Answer to the Question 03/03
PLANK ON A LOG
The question was:
A thin plank is placed on a log of semicircular cross section. If the plank is slightly
tilted it will start oscillating. Find the frequency
of the oscillations. Assume that all masses and dimensions are known.
(5/03) The problem has been solved
(12/3/03) by Alex Smolyanitskiy
(e-mail shurakbh@hotmail.com),
(12/3/03) by
Chetan Mandayam Nayakar (e-mail mn_chetan@yahoo.com),
(1/4/03) by
Zoran Hadzibabic (e-mail zoran@mit.edu),
and (7/4/03) by Luca Visinelli (e-mail
luca.visinelli@libero.it).
Alex Smolyanitskiy treated such a problem long before it was published in our QUIZ. Thus, he submitted
and extremely detailed solution which even accounts for details that we neglected
and can be seen in this postscipt file.
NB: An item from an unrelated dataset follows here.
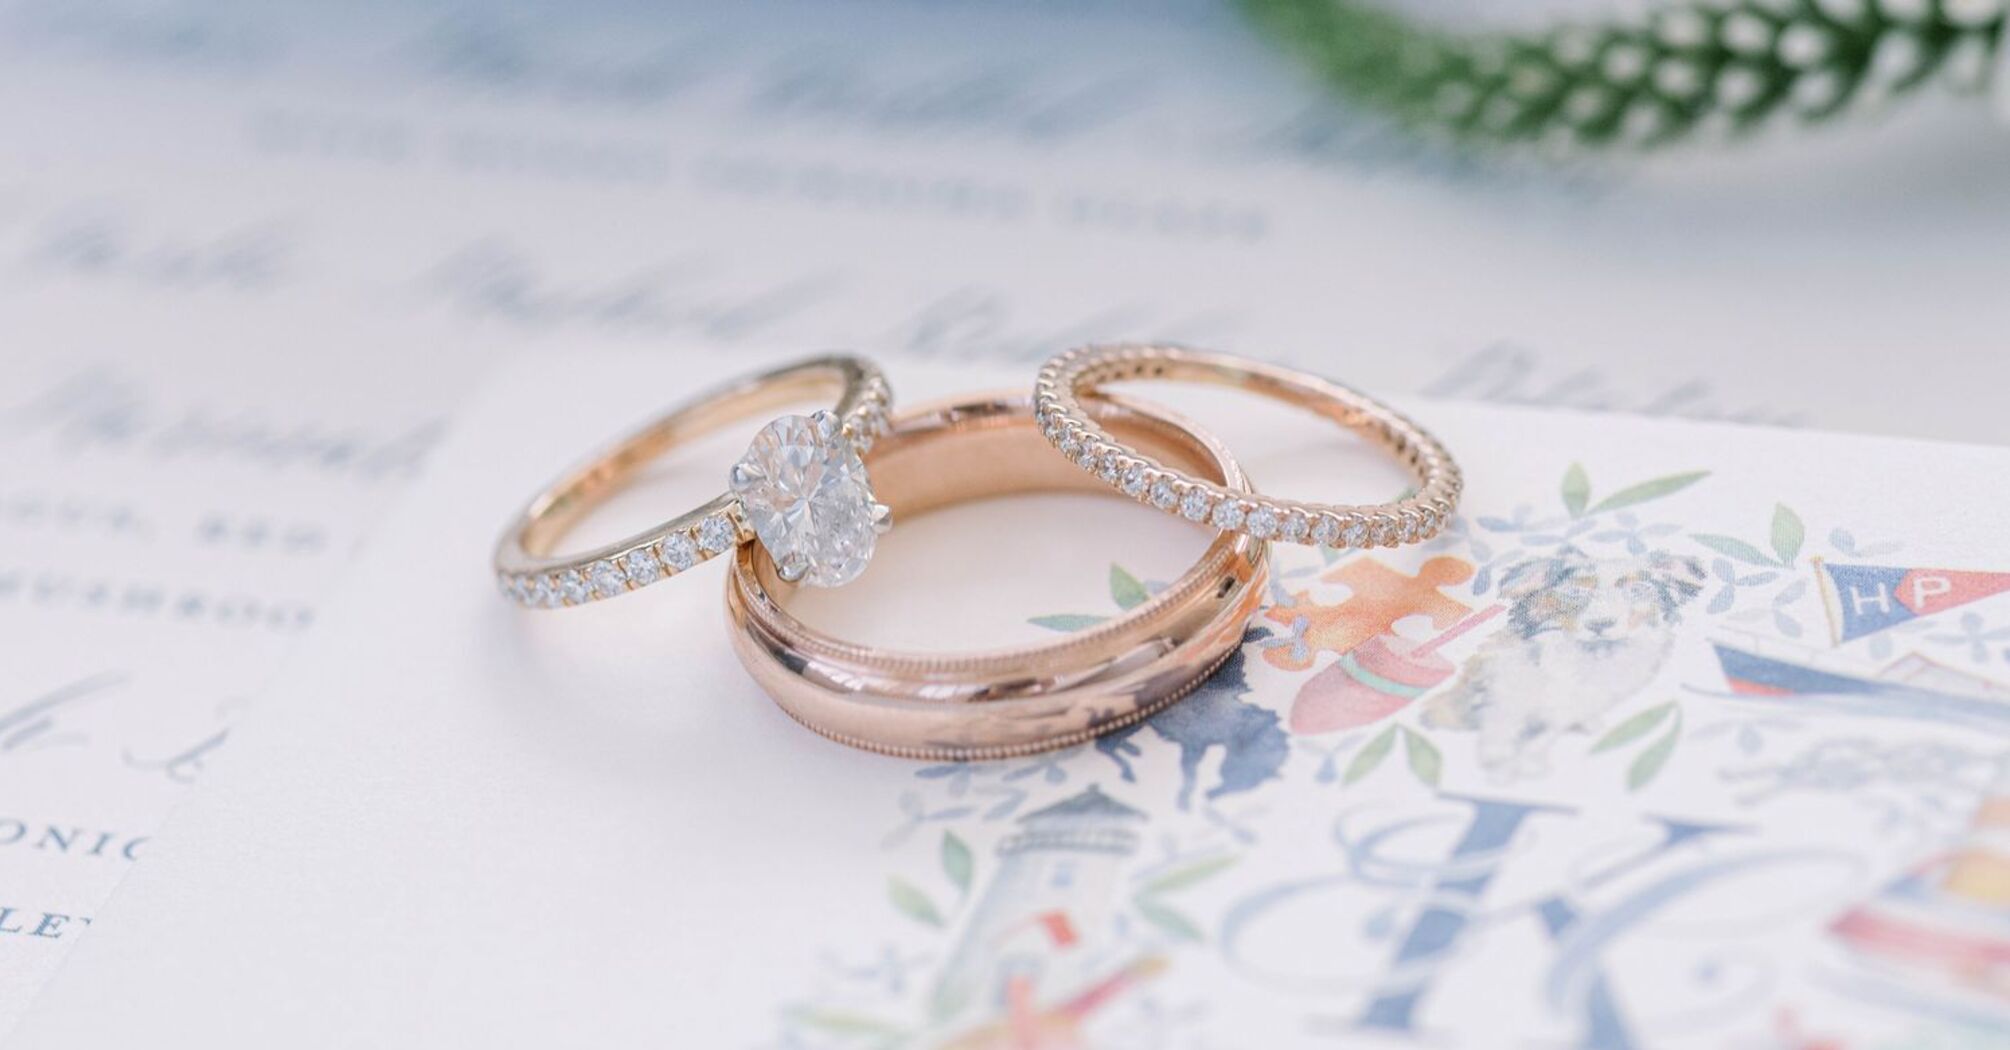 Five prohibited actions regarding wedding rings

A nice solution of the problem
also has been submitted (12/5/03) by Matthias Punk (e-mail
matze.p@gmx.net) - see his solution in this
postscipt file.
The answer: The angular frequency of oscillation will be sqrt{12gR/L2},
where L is the length of ther plank, R is the radius of the log, and g
is the acceleration of free fall.
The solution:
We first notice that once the plan is deflected by angle {theta} the restoring
torque (to the lowest order in {theta} is MgR{theta}, where M and L
are the mass and the length of the plank. This should be equated with the moment of interia
ML2/12 of the plank around its center multiplied by angular acceleration.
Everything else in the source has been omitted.